For every real number \(\alpha\), we have \[ \ell_{\alpha} = e^{-i\alpha} \left( \frac{\partial f}{\partial x}(z_0) \cos \alpha + \frac{\partial f}{\partial y}(z_0) \sin \alpha \right). \] Hence, if we use the equations \[ \cos \alpha = \frac{e^{i\alpha} + e^{-i\alpha}}{2}, \; \sin \alpha = \frac{e^{i\alpha} - e^{-i\alpha}}{2i}, \; \] we obtain \[ \ell_{\alpha} = \frac{1}{2} \left( \frac{\partial f}{\partial x}(z_0) + \frac{1}{i}\frac{\partial f}{\partial y}(z_0) \right) + \frac{1}{2} \left( \frac{\partial f}{\partial x}(z_0) - \frac{1}{i}\frac{\partial f}{\partial y}(z_0) \right)e^{-i2\alpha}. \] Therefore, the set \(A = \{\ell_{\alpha} \; | \; \alpha \in \mathbb{R}\}\) is a circle centered on \[ c = \frac{\partial f}{\partial x}(z_0) + \frac{1}{i}\frac{\partial f}{\partial y}(z_0) \] whose radius is \[ r = \left| \frac{\partial f}{\partial x}(z_0) - \frac{1}{i}\frac{\partial f}{\partial y}(z_0) \right|. \]

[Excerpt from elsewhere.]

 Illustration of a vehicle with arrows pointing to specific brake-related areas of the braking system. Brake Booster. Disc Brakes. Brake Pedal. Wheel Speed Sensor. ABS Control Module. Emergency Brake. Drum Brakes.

The function \(f\) is complex-differentiable at \(z_0\) if and only if the Cauchy-Riemann equation \[ \frac{\partial f}{\partial x}(z_0) = \frac{1}{i}\frac{\partial f}{\partial y}(z_0) \] is met, which happens exactly when the radius of the circle \(A\) is zero, that is, when \(A\) is a single point in the complex plane.